The New York Times
May 6, 2003
Assault Weapons Case May Reach High Court
By THE ASSOCIATED PRESS
Filed at 9:34 p.m. ET
SAN FRANCISCO (AP) -- A federal appeals court on Tuesday refused to reconsider its ruling that Americans don't have the constitutional right to own firearms, setting up the possibility of a Supreme Court ruling on the Second Amendment.
A panel of the 9th U.S. Circuit Court of Appeals upheld California's assault weapons ban in a 2-1 ruling last December. On Tuesday, a majority of the circuit's 25 active judges declined to rehear the case.
The 9th Circuit's ruling conflicts with a 2001 decision from the 5th U.S. Circuit Court of Appeals that said individuals have a constitutional right to guns. The man who challenged California's weapons ban promised an appeal to the nation's highest court.
``I'll have this filed by the end of the week,'' attorney Gary Gorski said.
California enacted the nation's first assault weapons ban in 1989 after a gunman fired into a Stockton school yard, killing five children. Several states and the federal government later passed similar or more strict bans.
State and federal laws barring assault and other types of weapons are routinely upheld on grounds that they are rational governmental approaches to combat violence. The Second Amendment has had little, if any, impact on those court decisions -- except in the California case.
In dismissing the bulk of Gorski's challenge, the 9th Circuit panel said the Second Amendment was adopted not ``to afford rights to individuals with respect to private gun ownership or possession,'' but to allow states to maintain militias.

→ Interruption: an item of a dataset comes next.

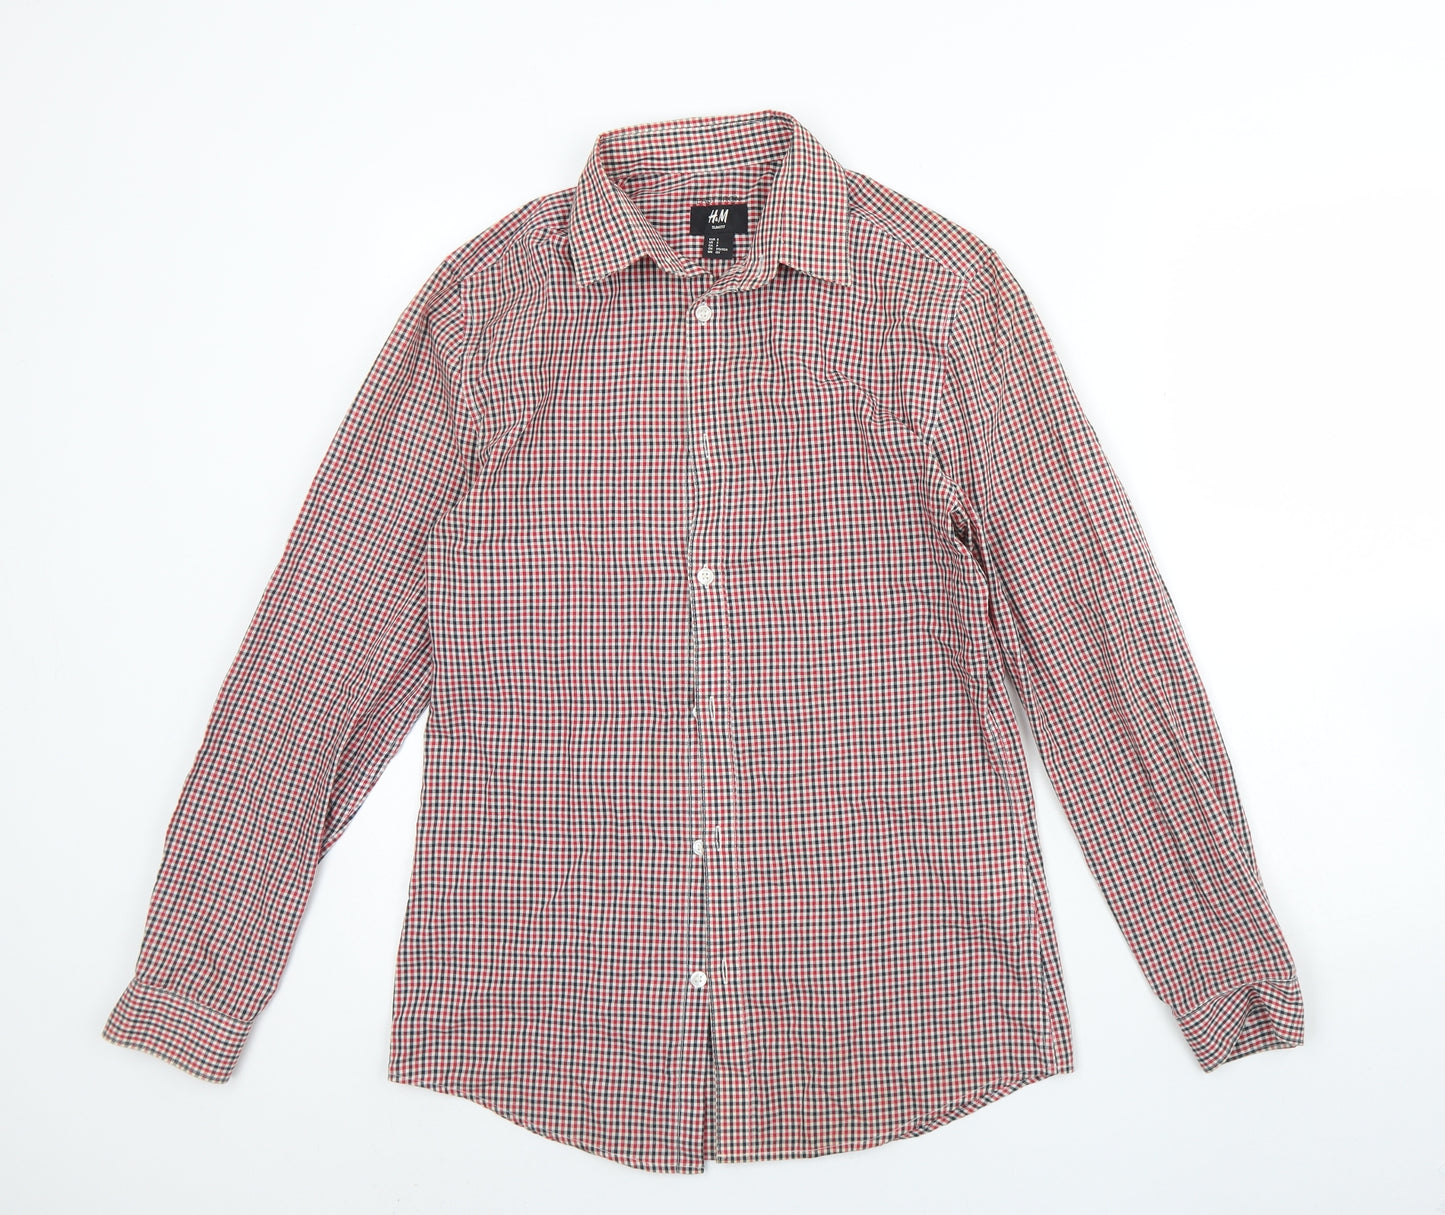 H&M Mens Red Plaid Cotton  Dress Shirt Size S Collared Button

The decision was written by Judge Stephen Reinhardt, who noted the Supreme Court's guidance on whether the Second Amendment gives individuals the right to bear arms was ``not entirely illuminating.'' The high court, he said, has never directly said whether there is a constitutionally guaranteed right to possess weapons.
Larry Pratt, executive director of the 300,000-member Gun Owners of America, said he wants the Supreme Court to overturn Reinhardt's decision.
``If Judge Reinhardt prevails, the American people could become subjects of the government,'' Pratt said.
A spokeswoman for California Attorney General Bill Lockyer said he was ``pleased that the court has upheld this important California law regulating assault weapons.''
The 9th Circuit covers Alaska, Arizona, California, Hawaii, Idaho, Montana, Nevada, Oregon and Washington.